Тихая, вся в садах Усмань. Здесь весной 1952 года наконец-то воссоединяются супруги Фудели и их младшая дочь Варя. Здесь, в Усмани, после того как ещё через полтора года удастся купить и собственное жильё – треть низенького, ветхого, какого-то остроугольного домика, холодного, требовавшего ремонта каждое лето, а зимой заносимого снегом до самой трубы, – Сергей Иосифович начнёт создавать свои первые литературные работы.
При выборе Фуделями места жительства непременным условием являлось наличие церкви. Успенский храм в Усмани закрыт не был. Ходили не только на воскресные службы, но и на будние.
Сюда из московской квартиры молодого Николая Фуделя и его жены, Лидии Щербининой, станет приезжать и подолгу гостить пожилая уже Мунечка. В письмах Сергея Иосифовича к сыну из Усмани один из таких приездов описан в подробностях – возможно, потому, что семидесятилетняя Матрона Петровна была в это время больна.
«Муне несколько лучше после уколов, сейчас будет в них перерыв и потом опять. Раньше конца декабря нечего и думать ей ехать обратно. То, что она болеет здесь, а не в Москве, хорошо, так как мама делает для неё всё, в комнате тепло, она лежит в полном покое и тишине, лекарства и врач есть.

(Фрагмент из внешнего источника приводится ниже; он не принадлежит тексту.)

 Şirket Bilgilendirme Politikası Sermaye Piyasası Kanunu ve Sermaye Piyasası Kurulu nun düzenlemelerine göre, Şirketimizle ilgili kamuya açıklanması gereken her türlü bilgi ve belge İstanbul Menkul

Варенька, к ужасу нашему, опять начала кашлять. Вот уж долготерпение-то нужно с этими болезнями. Жалко, нет книг здесь, чтобы им читать вслух. Я всё, что мог, им прочёл. Пришвин Муне не понравился – “глупости всё, про собак-то”. Зато “Капитанская дочка” ей очень понравилась» (23 ноября 1954 г.).
Осенью 1958-го она вновь появится в усманском доме. Это посещение родных ей людей, растянувшееся на месяцы и ставшее последним в её земной жизни, описано Сергеем Иосифовичем чуть ли не по дням. Но прежде чем сказать об том, прольём немного света на то уважение, которое он питал к Мунечке. В книге «У стен Церкви», собранной Сергеем Иосифовичем из записей разных лет, есть его горькая, но и светлая исповедь-признание в том, что в своё время, причём не единожды, он отверг принятие священства.
«Когда мне было 20 лет, – пишет С.И. Фудель, – я вошёл в приёмную оптинского старца Нектария, в скиту. В приёмной, кроме меня, никого не было. Я ждал недолго, удивляясь какой-то неслыханной тишине этого места. Быстрой походкой вышел ко мне старец, которого я видел впервые, благословил меня и сразу, без всякой подготовки и без каких-либо обращений с моей стороны, сказал: “Есть ли у вас невеста?” И, не дожидаясь ответа, продолжал: “Поезжайте к Святейшему Патриарху Тихону и просите его посвятить вас. Перед вами открывается путь священника”.
Я молчал, ничего подобного не ожидавший, ошеломлённый.
“Не бойтесь, – сказал он, – и идите этим путём. Бог вам во всём поможет. А если не пойдёте, испытаете в жизни большие страдания”. Он тут же встал, благословил меня и ушёл.
Это был первый призыв на подвиг, и я не пошёл на него.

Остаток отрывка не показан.